• [Records for this exercise]
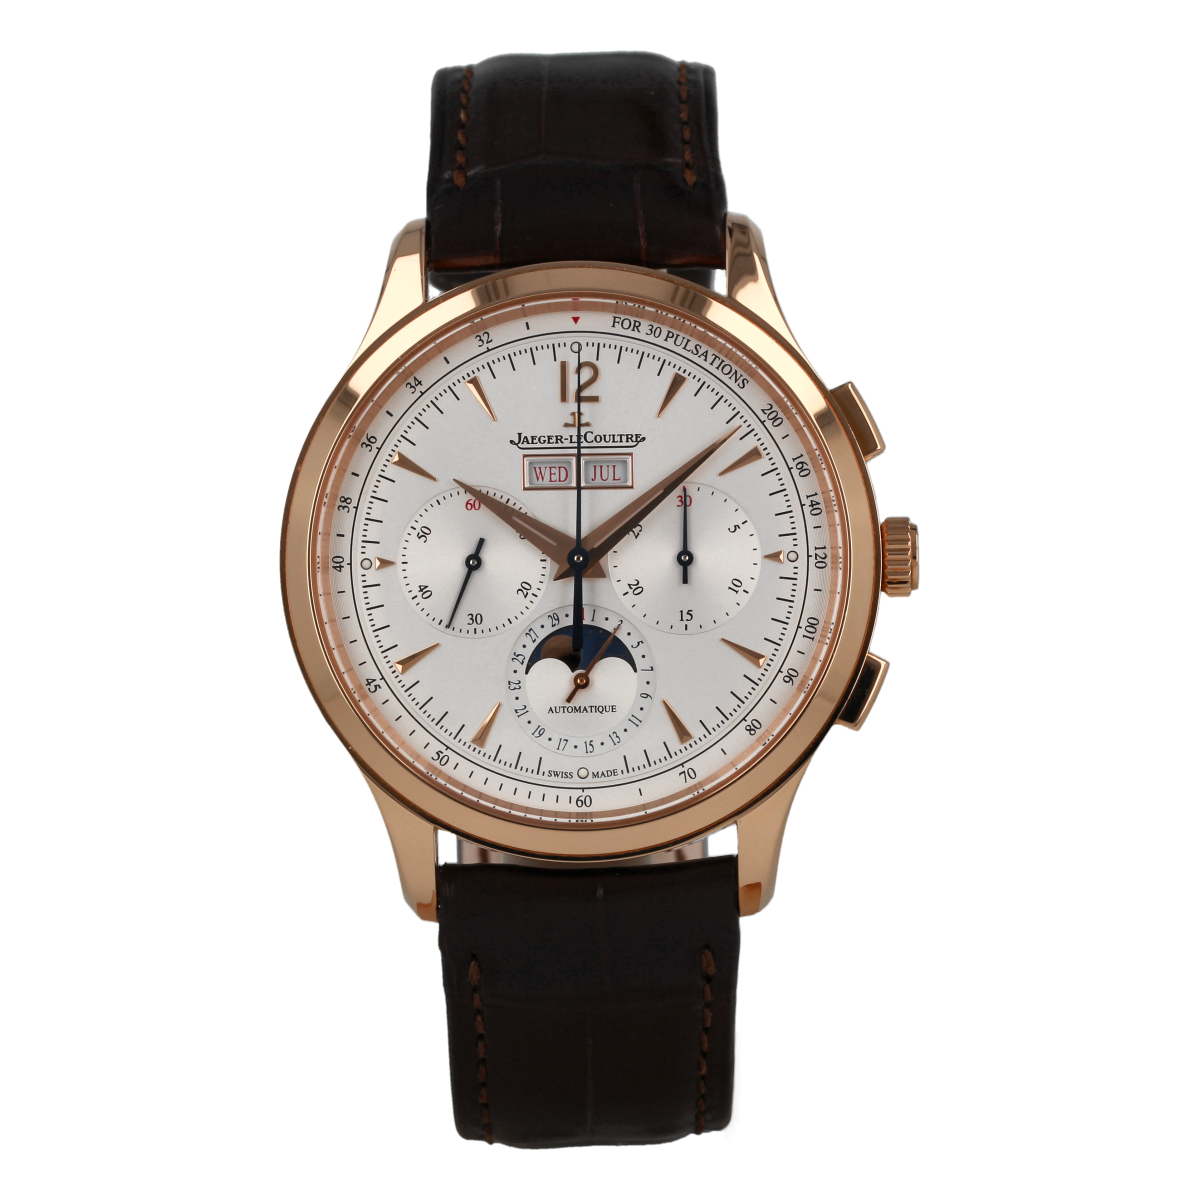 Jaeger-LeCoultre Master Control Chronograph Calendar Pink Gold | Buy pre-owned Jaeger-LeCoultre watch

==

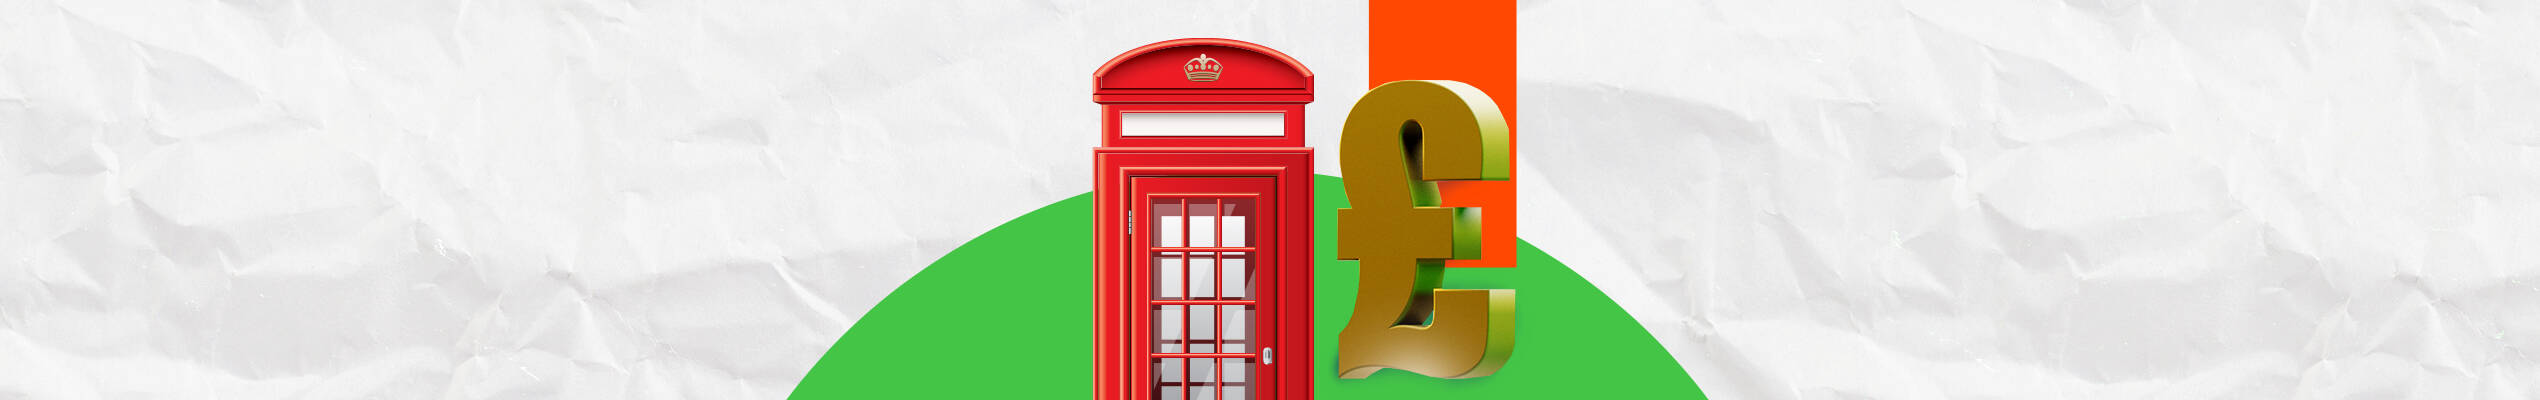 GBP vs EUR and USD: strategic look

* * *

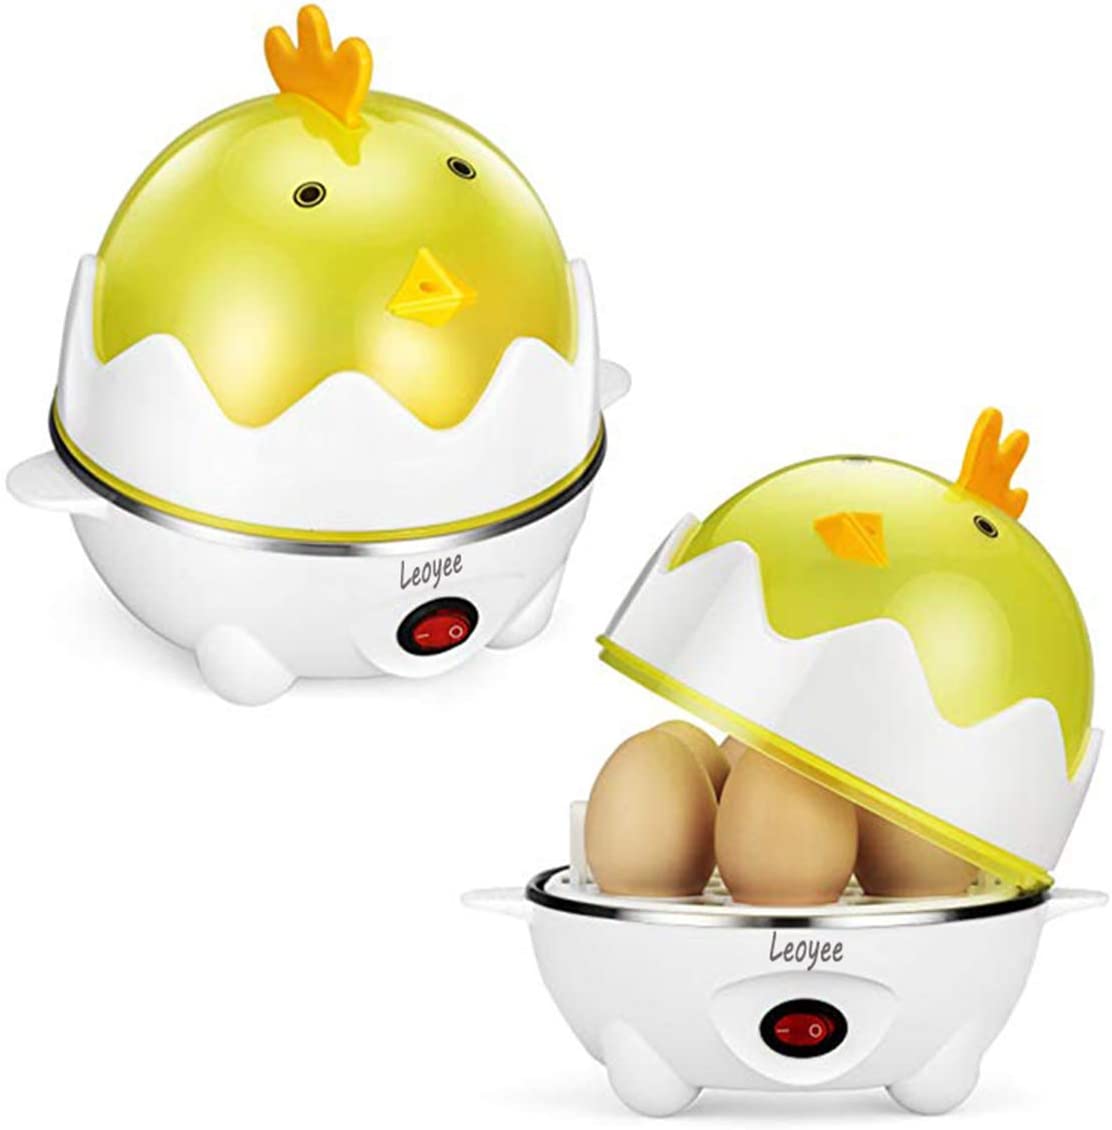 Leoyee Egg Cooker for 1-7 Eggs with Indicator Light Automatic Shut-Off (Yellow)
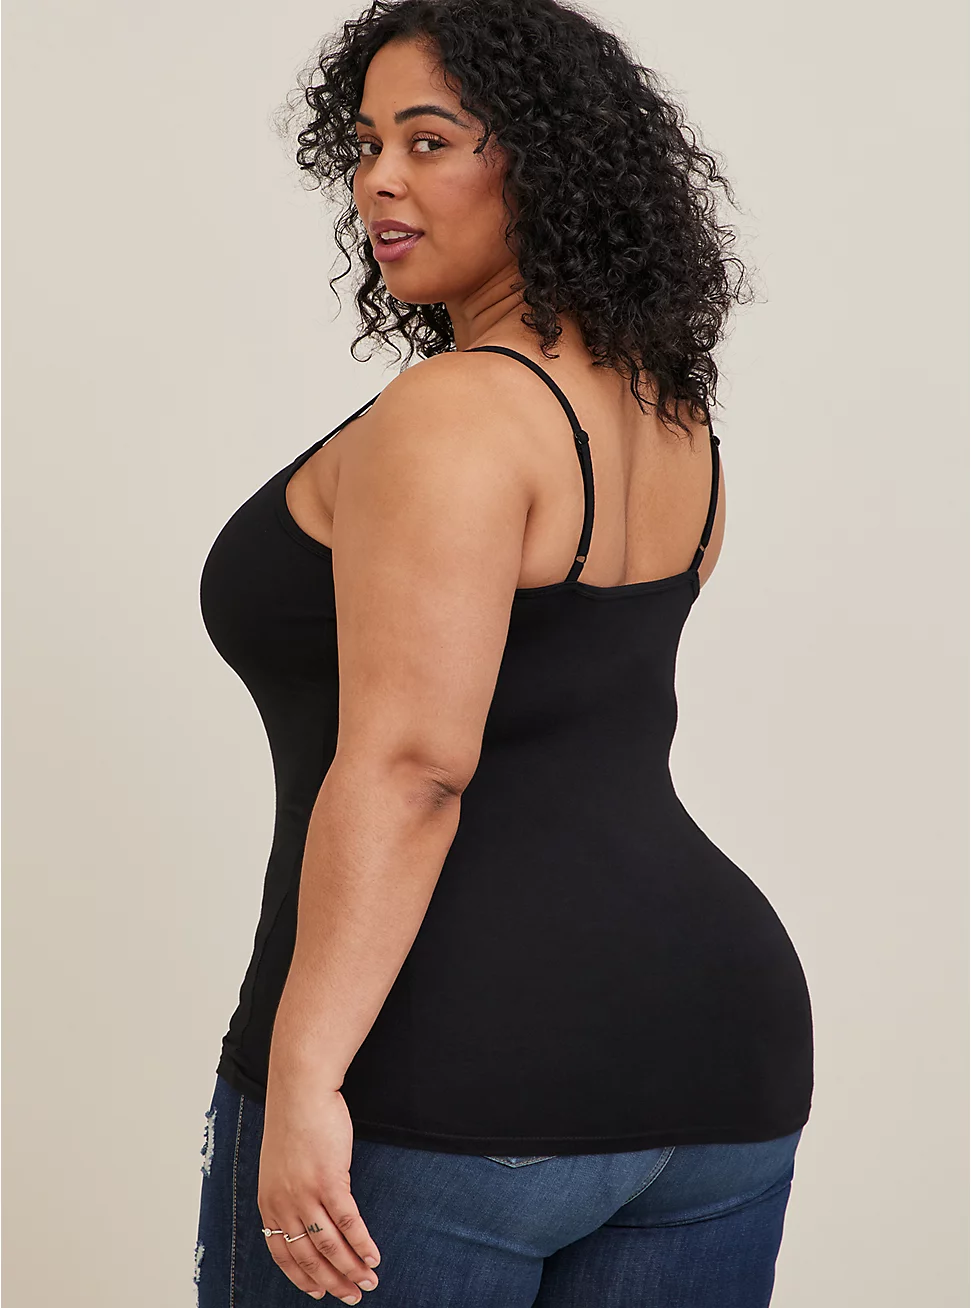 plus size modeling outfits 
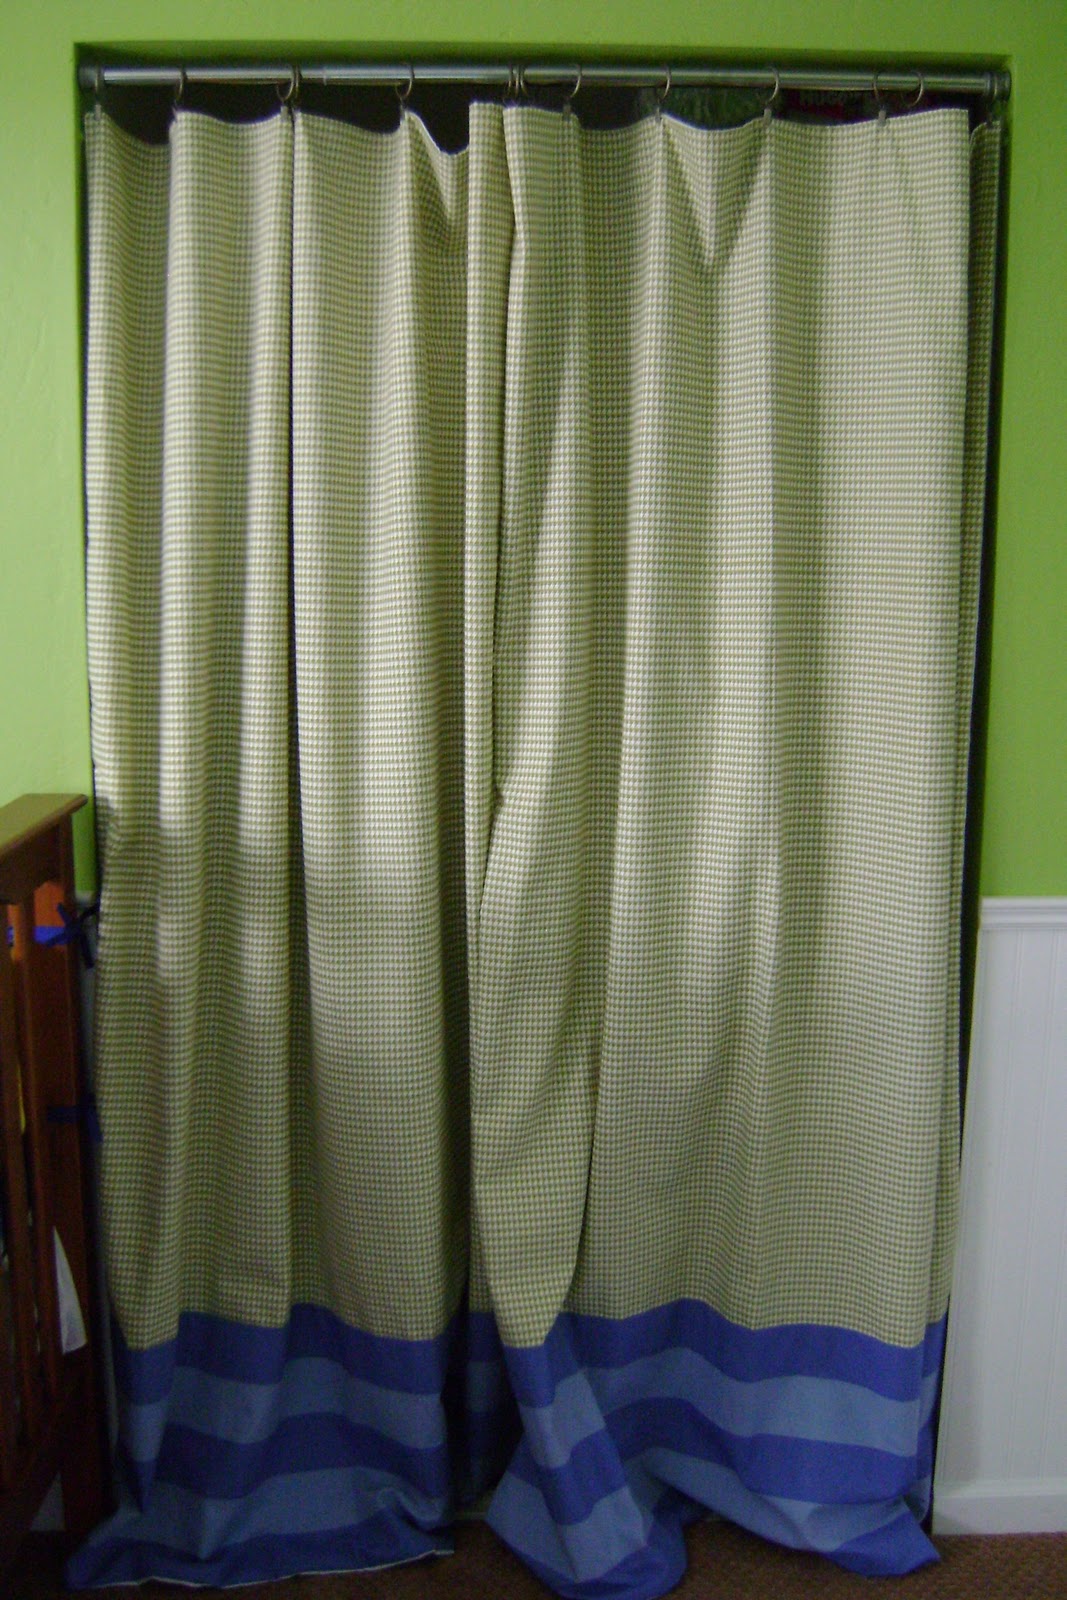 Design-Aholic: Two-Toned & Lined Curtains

• [What you should do]
Copy word for word only the lines above from the one with "Leoyee Egg Cooker" through the one with "Design-Aholic: Two-Toned & Lined Curtains". Leave pictures out.

• [Result]
 Leoyee Egg Cooker for 1-7 Eggs with Indicator Light Automatic Shut-Off (Yellow)
 plus size modeling outfits 
 Design-Aholic: Two-Toned & Lined Curtains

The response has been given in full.